Euler’s famous formula tells us that (with appropriate caveats), a map on the sphere with f countries (faces), e borders (edges), and v border-ends (vertices) will satisfy v-e+f=2. And more generally, for a map on a surface with g holes, v-e+f=2-2g. Thus we can figure out the genus of a surface by cutting it into pieces (faces, edges, vertices), and just counting the pieces appropriately. This is an example of the topological maxim “think globally, act locally”. A starting point for modern algebraic geometry can be understood as the realization that when geometric objects are actually algebraic, then cutting and pasting tells you far more than it does in “usual” geometry. I will describe some easy-to-understand statements (with hard-to-understand proofs), as well as easy-to-understand conjectures (some with very clever counterexamples, by M. Larsen, V. Lunts, L. Borisov, and others). I may also discuss some joint work with Melanie Matchett Wood.

Speaker biography:

Ravi Vakil is a Professor of Mathematics and the Robert K. Packard University Fellow at Stanford University, and was the David Huntington Faculty Scholar. He received the Dean's Award for Distinguished Teaching, an American Mathematical Society Centennial Fellowship, a Frederick E. Terman fellowship, an Alfred P. Sloan Research Fellowship, a National Science Foundation CAREER grant, the presidential award PECASE, and the Brown Faculty Fellowship. Vakil also received the Coxeter-James Prize from the Canadian Mathematical Society, and the André-Aisenstadt Prize from the CRM in Montréal. He was the 2009 Earle Raymond Hedrick Lecturer at Mathfest, and a Mathematical Association of America's Pólya Lecturer 2012-2014. The article based on this lecture has won the Lester R. Ford Award in 2012 and the Chauvenet Prize in 2014. In 2013, he was a Simons Fellow in Mathematics.
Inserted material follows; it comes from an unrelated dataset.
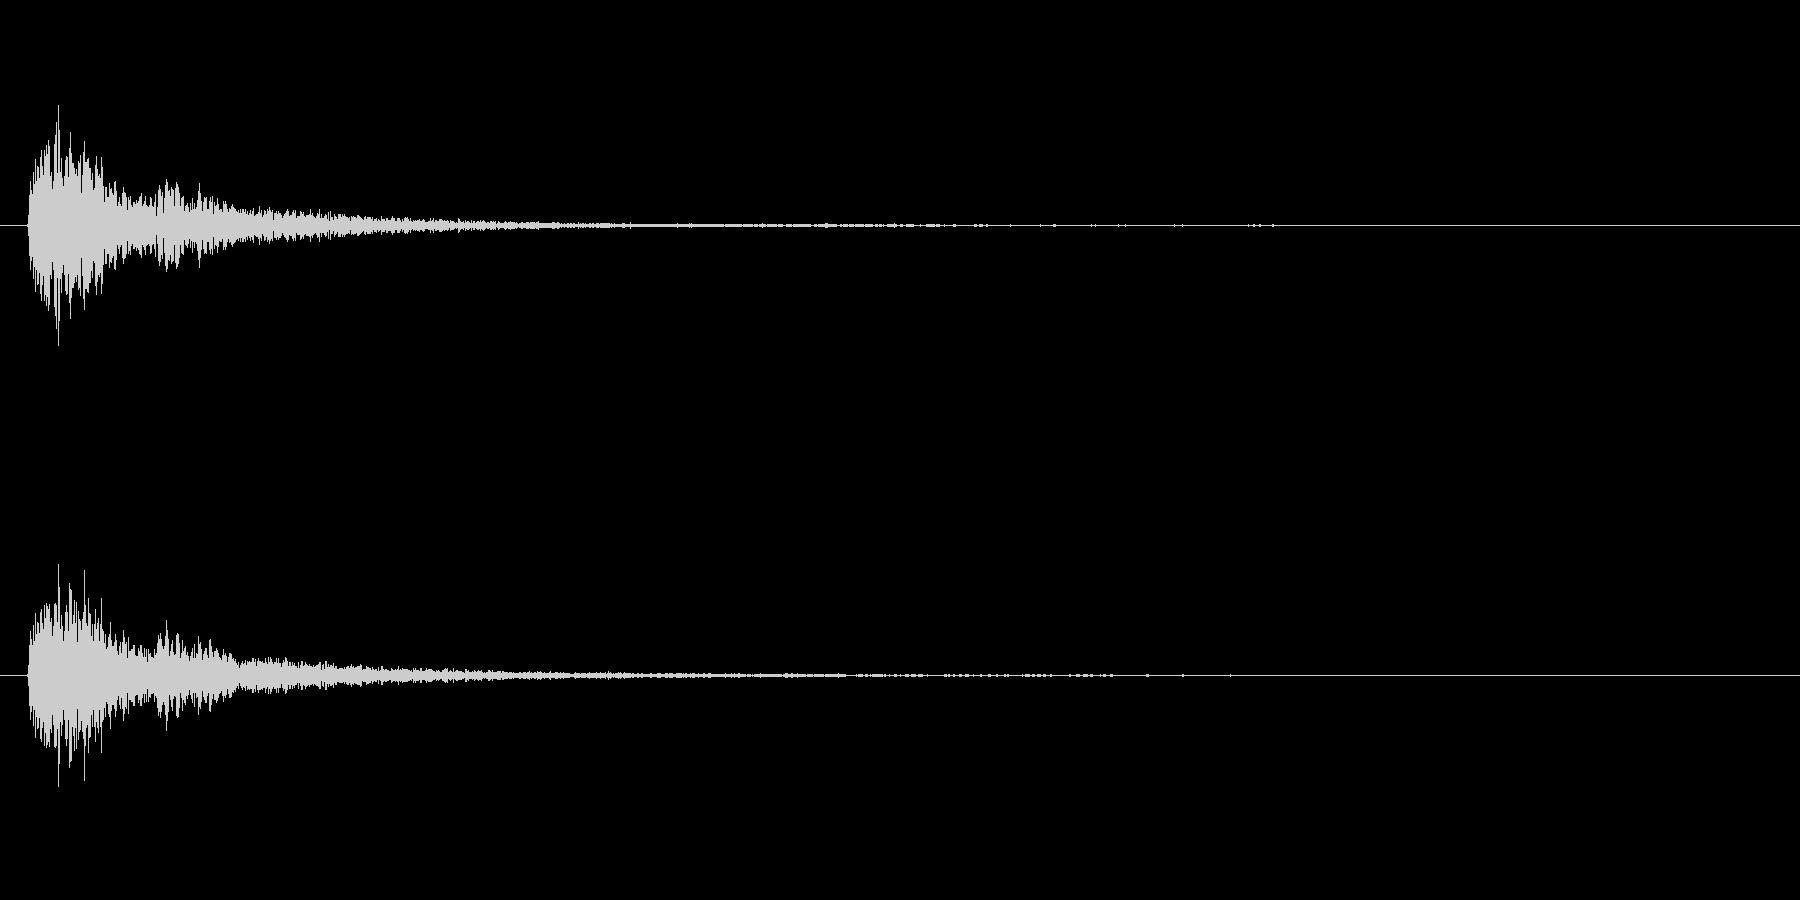 ダークな効果音「キュピッ」の未再生の波形

## Vertex-transitive graphs with large automorphism groups

**Gabriel Verret (University of Auckland, New Zealand)**

Many results in algebraic graph theory can be viewed as upper bounds on the size of the automorphism group of graphs satisfying various hypotheses. These kinds of results have many applications. For example, Tutte's classical theorem on 3-valent arc-transitive graphs led to many other important results about these graphs, including enumeration, both of small order and in the asymptotical sense. This naturally leads to trying to understand barriers to this type of results, namely graphs with large automorphism groups. We will discuss this, especially in the context of vertex-transitive graphs of fixed valency. We will highlight the apparent dichotomy between graphs with automorphism group of polynomial (with respect to the order of the graph) size, versus ones with exponential size.